This is a well done build and set of pictures documenting it. I want to thank steve for posting this level of detail on his build.
You have to be willing to make a lot of compromises. It's a cruiser so don't reinforce the ribs. Maybe think of styrene for superstructure. Little boat is so tippy (especially with water in it), look at the version that did not have the wing turrets (to save more weight). Tim K ran his for a couple of years in the IRCWCC, but it was fragile.
Do you plan to run solenoids? The new BC style will save a lot of weight over the KIP. The BC Regulator you have is also a big weight saver over the old cut down Williams. Those are two things Pat didn't have.
Just weighed the hull with most of the bits sitting in it and it's at 6.25 pounds right now. Once it's cut that will loose some weight.
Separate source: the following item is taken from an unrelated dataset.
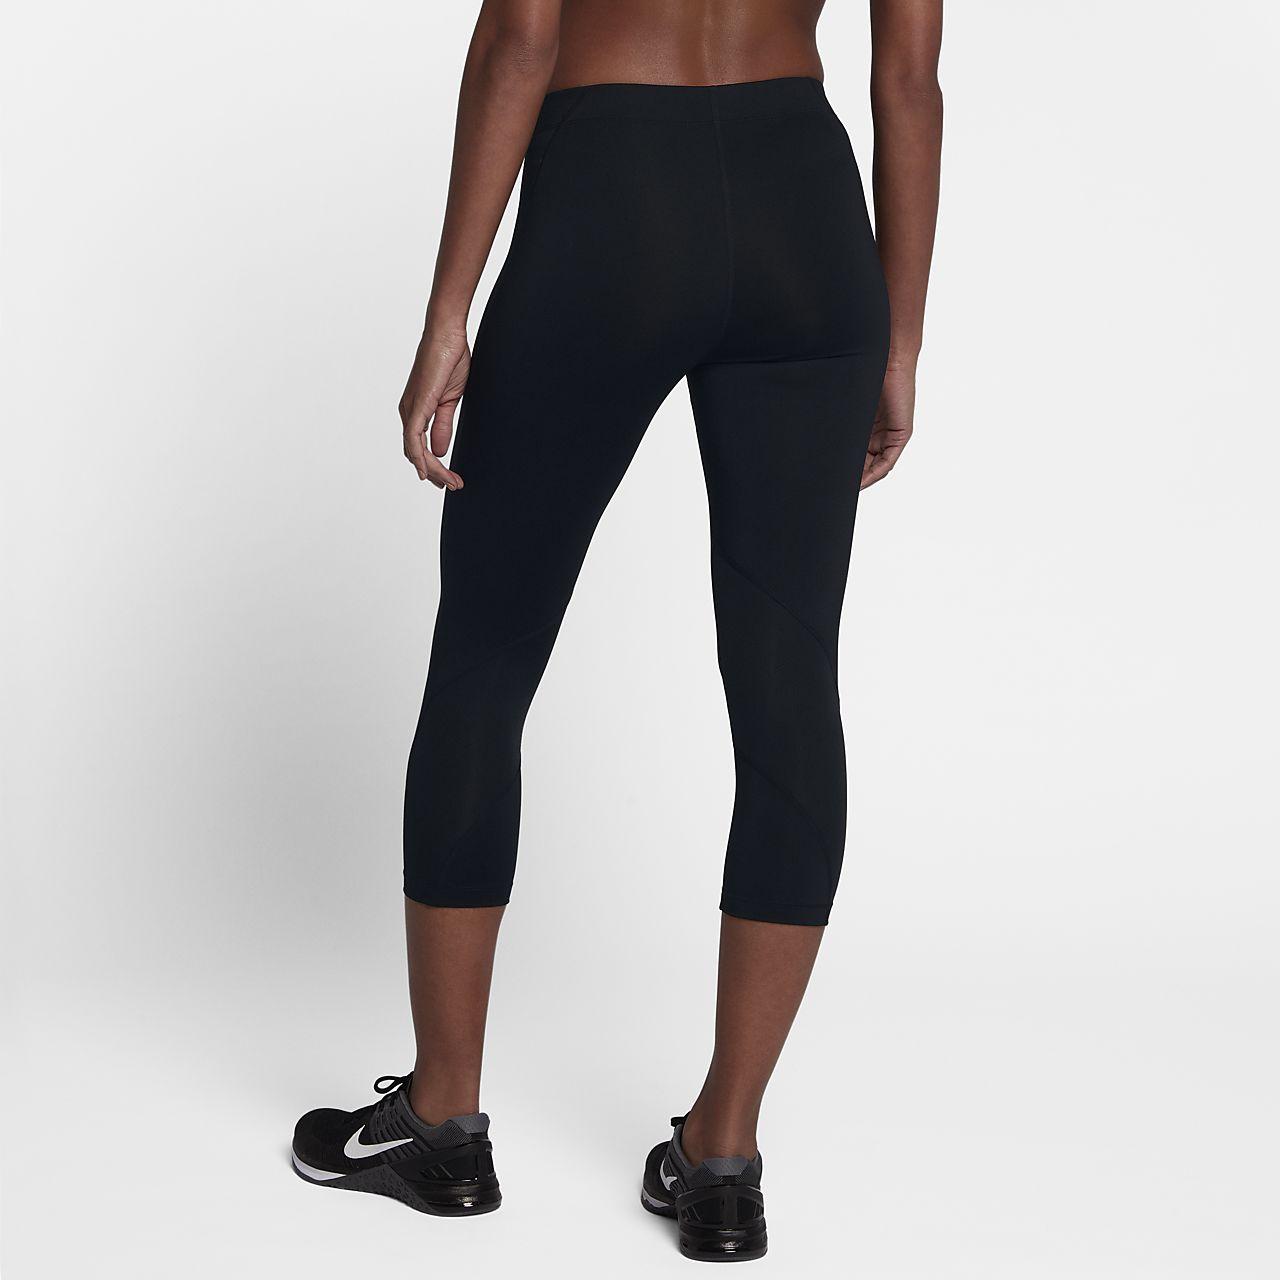 325d6629ca5d5 Nike Pro Women's Mid-Rise Training Capris. Nike.com AU

If I can keep the deck and super under 2 pounds I think I'll be all right. Keeping the wing turrets, have something special in mind for those!
Haven't decided on solenoids yet. I have a couple of Chinese ones that weigh the same as the BC's. Haven't test fired them yet so who knows. Might order some Spartans which are the lightest.
Today's progress The motor mounts get bolted to the hull. Almost had a boo boo. The nuts on the forward side of the mounts are a bit close to the lower terminals on the motors. After a quick test fit, there's plenty of room to work with! Time to make some prop struts! Before cutting holes for the struts I'm checking for interference with the rudder servo. I have to move the struts forward a bit to clear the servo. Marking the strut holes. I start with three 3/32" holes and then twist the bit back and forth to clear out the slot. Struts get bent like this and then test fitted. Once I'm happy with fitment, they get JB Welded onto the shafts and hull and left to harden up. Next step is to flip the hull and epoxy the struts on the inside and trim excess material. Till next time...